Guerrilla Activity in Colombia

The New York Times of April 25, 1967 quoted Colombia’s President Carlos Lleras Restrepo as saying the Colombian guerrillas are “not some crazy kids in the hills but instruments of a general subversive tactic supported from the cities and from abroad.” The insurgents, some of whom have ties dating from “la violencia” which has claimed over 300,000 lives since it broke out on a large scale in 1948, are organized into two main groups. The National Liberation Army (ELN) operates on the Jose Antonio Galan and Camilo Torres mountain fronts in the Santander and Norte de Santander departments bordering on Venezuela in the region where the FALN
has been active. According to Carlos Kassel of New York’s El Tiempo (4/16/67), Venezuelan officials have confirmed the existence of an ELN-FALN pact. The Revolutionary Armed Forces of Colombia (FARC) operate mainly in the areas of Caldas, Risaralda, Tolima, Valle, Cauca, Huila and Caqueta, all of which are in Colombia’s mountainous southwestern region.

Guerrilla activity has increased in recent months: on February 27th, ELN forces attacked a police station in Santander; on March 3rd, FARC forces ambushed an army patrol; on March 9th the ELN ambushed 22 soldiers in Valle department; and March 28th saw 40 hours of combat between guerrillas and an army patrol which broke out when the former ambushed the army troops. The toll for these skirmishes amounts to more than 40 government troops dead and 11 wounded.

After the March 28 attack, the Army issued the following resolution: 1) Demand that the Colombian government, in collaboration with the North American Military Mission (which maintains over 30 advisers in Bogota alone) give priority to the extension of the communications network linking all police stations in the Department of Valle; 2) Establish rewards from 5,000 to 50,000 Colombian pesos for information on the whereabouts of the rebels; 3) Publish an informational bulletin to be posted in all villages advising the peasantry to collaborate with the authorities (El Tiempo of Bogota, 3/29/67). In an exclusive interview with El Tiempo of Bogota on March 29th, conducted in the battle zone of the March 28th skirmish, Colonel Ricardo Charry Sclano, Commander of the Eighth Brigade, complained about the inexplicable absence of collaboration with the army on the part of the civilian population, thereby facilitating the rebel movements.

The Colombian government has set up a counter-insurgency training camp near Mulgar,a resort area three hours outside by Colombia’s President, Minister of Defense and Director of the National Police. According to the Military Attache’s office at the Colombian Embassy in Washington, D.C. the United States has only supplied “some equipment,” including arms, for the training center. Because of the nature of the terrain in the combat areas, General Mejia Valenzuela, Commander General of the Armed Forces, is looking into the acquisition of 12 additional helicopters.

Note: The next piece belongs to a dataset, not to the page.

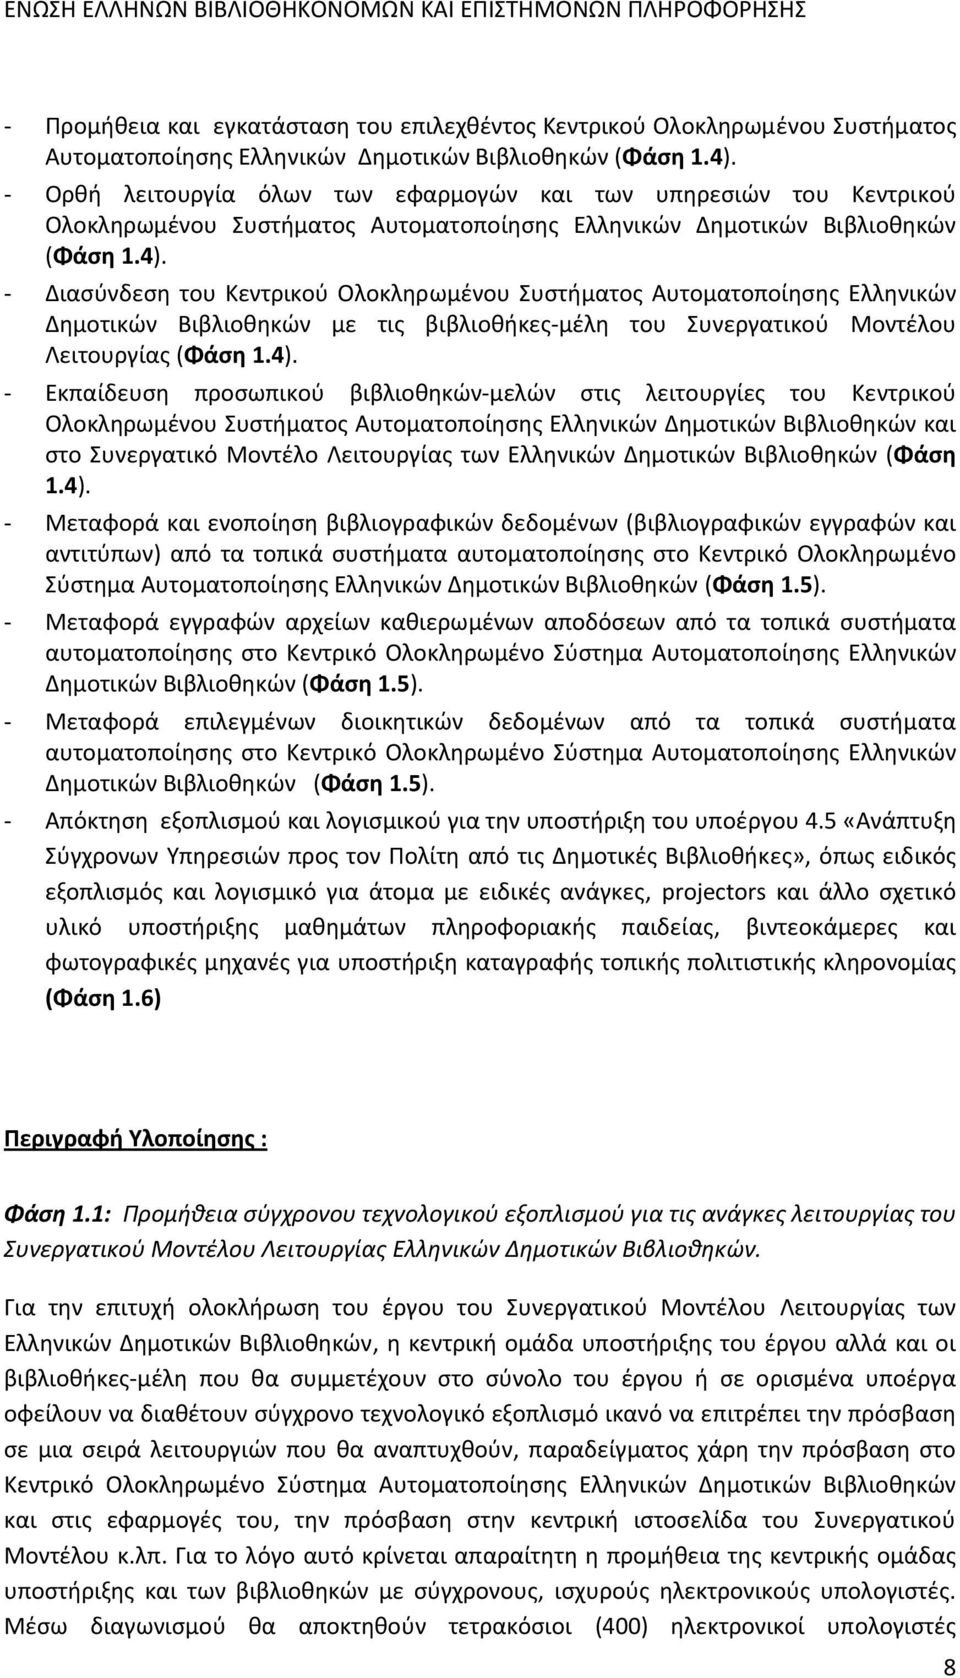 Διασύνδεση του Κεντρικού Ολοκληρωμένου Συστήματος Αυτοματοποίησης Ελληνικών Δημοτικών Βιβλιοθηκών με τις βιβλιοθήκες μέλη του Συνεργατικού Μοντέλου Λειτουργίας (Φάση 1.4).

According to Mario Menendez Rodriguez (El Espectador of Bogota, 3/27/67), author of the recent seven-part series on the Venezuelan guerrillas in Mexico’s Sucesos magazine who is just back from 28 days with the Colombian guerrillas in the Department of Norte de Santander, the ELN acquires the bulk of its arms from the Colombian army. Menendez points out that the ELN forces are concerned with both agrarian and educational reform and have taught many of the peasants who have joined their ranks to read and write. Apparently not only students and peasants are involved in the resistance. A UPI release in The New York Times March 25, 1967 reported that government troops had captured 18 guerrilla leaders, “including several labor leaders of the Colombian Oil Company and officials of the Oil Workers Union.”